Dead Boats Disposal Society
- Formation: 2017
- Founder: John Roe
- Purpose: To remove abandoned boats and marine debris from beaches, oceans and inlets around the BC coast
- Location: British Columbia, Canada;
- Website: deadboatsdisposalsociety.ca

= Dead Boats Disposal Society =

Canadian non-profit society

The Dead Boats Disposal Society (DBDS) is a non-profit group dedicated to the removal and disposal of abandoned boats and marine debris from shorelines in British Columbia, Canada.

The Victoria-based Society hauled 124 boats out of the water between 2017 and 2021, most from bays and inlets in the Capital Regional District from Sooke to the Gulf Islands.
In 2024, the Society's activity area included the waterways of the Fraser Valley.

== Issue ==
The problem of derelict boats is widespread along the British Columbia coast since, before July 2019 when the Wrecked, Abandoned or Hazardous Vessels Act came into effect, it was not illegal to abandon a boat along Canada's coastline. With the Act, the government of Canada gained enforcement powers to impose penalties on individuals of up to $50,000, and to remove problem vessels if they are a hazard to safety or a threat to the marine environment.
In the four years after the Act came into effect, only two fines had been levied.
The Saanich Inlet Protection Society says "It seems the only time they act is after the boats have sunk."

A boat may be an environmental and navigation hazard for years before it sinks, and John Roe of the DBDS notes that delaying action increases the cost of removal. While local municipalities are left to deal with derelict boats that come ashore, the problem is complicated from a jurisdictional standpoint because the seabed is a provincial responsibility, activities on the surface are under the purview of the Coast Guard, and the water in between is subject to Fisheries and Oceans Canada authority.

== Process ==
Typically, when the Society is notified by the public about a problem boat, it conducts a survey to determine if the vessel is truly abandoned.
Once a boat is removed with a barge and crane, it is tested for contaminants, dismantled, and disposed of at appropriate landfills.
The cost to remove and dispose of a small craft ranges from $5,000 to $75,000.

The DBDS pulled 124 abandoned vessels from British Columbia waterways between 2017 and 2021, including an estimated 89 vessels in 2020.
By February 2020, the group had removed 89,300 metric tonnes of marine debris.
In 2024, the DBDS worked with Transport Canada and a local group to remove approximately a dozen wrecked boats and debris from about a mile and a half of the Alouette River in the city of Pitt Meadows, in the Fraser Valley.
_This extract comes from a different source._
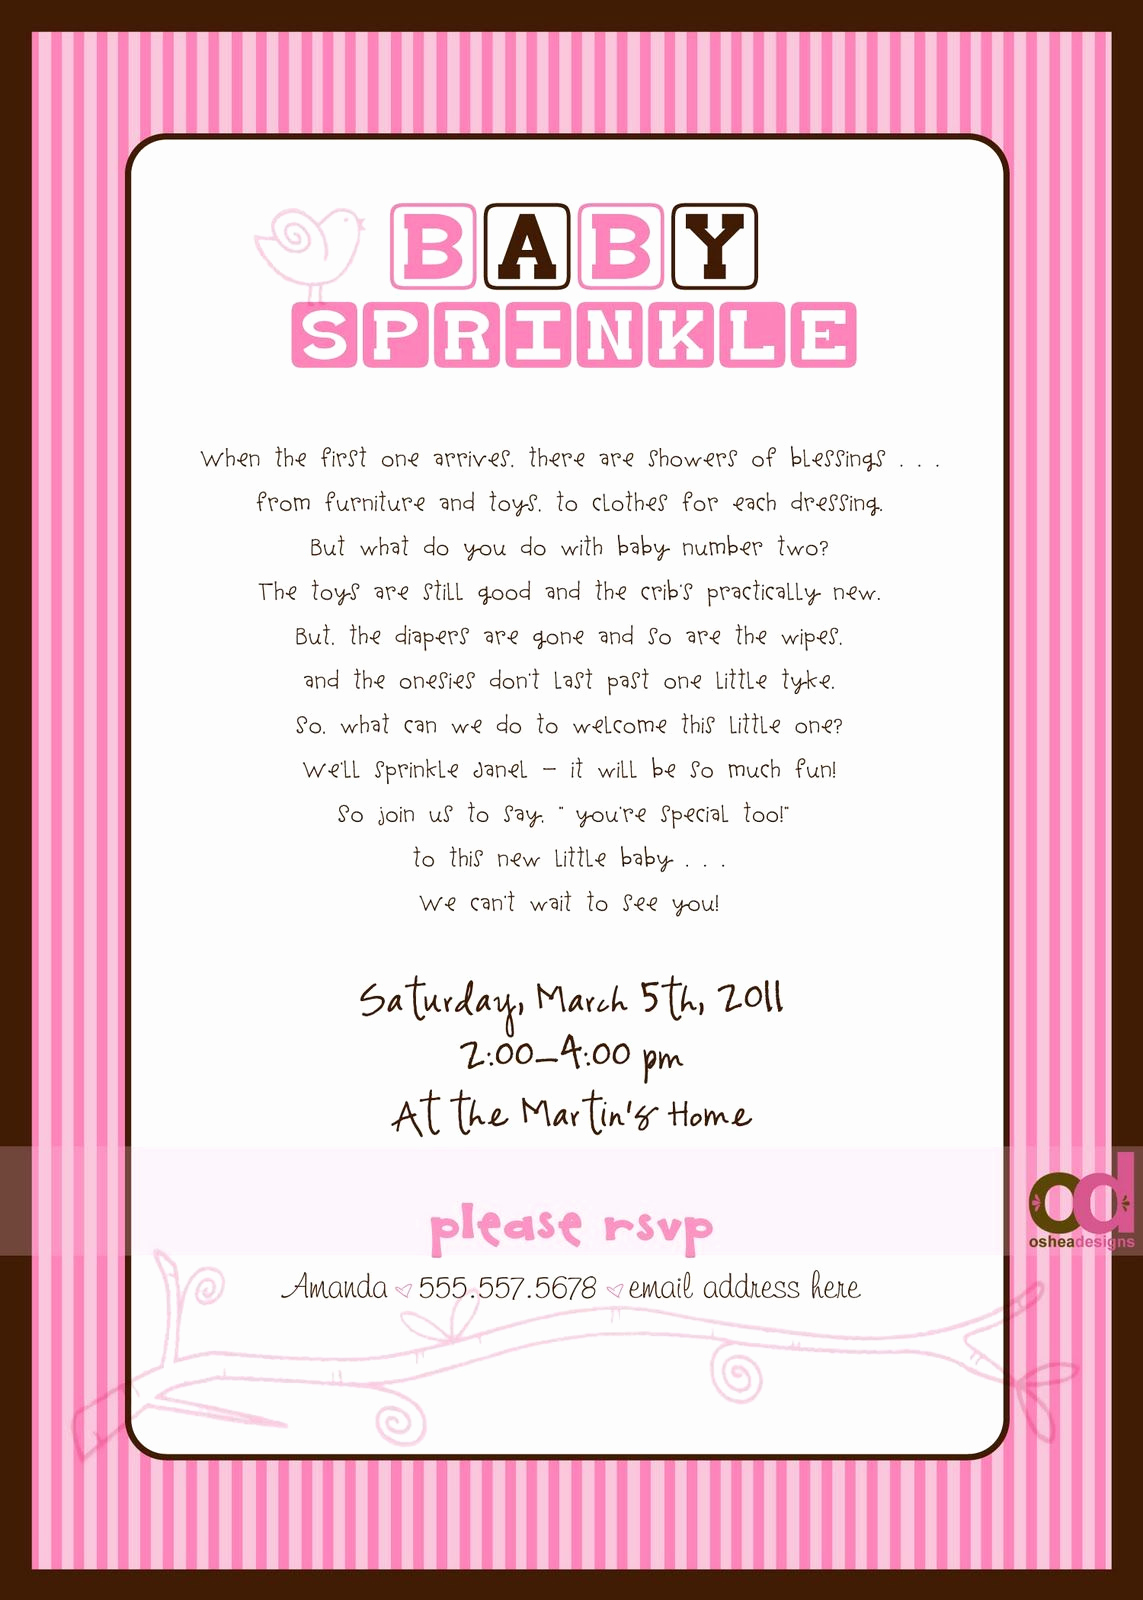 Baby Shower Invitation Wording Luxury &quot;sprinkle&quot; Invitations Wording Wish I Would Have Found

Transport Canada estimates there are close to 1,600 abandoned and derelict boats in the waters of British Columbia, but the DBDS's John Roe believes the number is closer to 4,000 to 6,000.
Roe says that to end the proliferation of abandoned vessels, governments should track boat ownership, and penalize owners who "dump and flee".

== Funding ==
The Dead Boats Disposal Society has received grants and resources from "a long list of partners" including the Capital Regional District, and Transport Canada's short-term Abandoned Boats Program.
The DBDS's plan to remove eight to ten derelict vessels and debris from the Alouette River in the Fraser Valley where salmon spawn, was hampered in 2023 by a lack of provincial government funding, but the project eventually went ahead with support from Transport Canada.

The DBDS has said it would commit to a project like McBarge, the sunken former floating McDonald's restaurant on the Fraser River in Maple Ridge, if funds were available.
The federal government's Abandoned Boats Program (which launched in 2017 with an initial investment of $6.4 million and disposed of 223 vessels) was not renewed in 2026.
The province of B.C. said in 2026 that there was no funding allocated for its Clean Coast, Clean Waters initiative, which has funded the removal of 65 vessels in Tofino, Ucluelet, Opitsaht, Tla-o-qui-aht, and Ahousaht.

== Recognition ==
The Dead Boats Disposal Society's operations director and founder, John Roe, has been cleaning up derelict boats from British Columbia waters for more than 25 years. Roe received an award from Saanich Mayor Fred Haynes on February 25, 2019, for the DBDS's work removing problem boats from Cadboro Bay and the Gorge Waterway.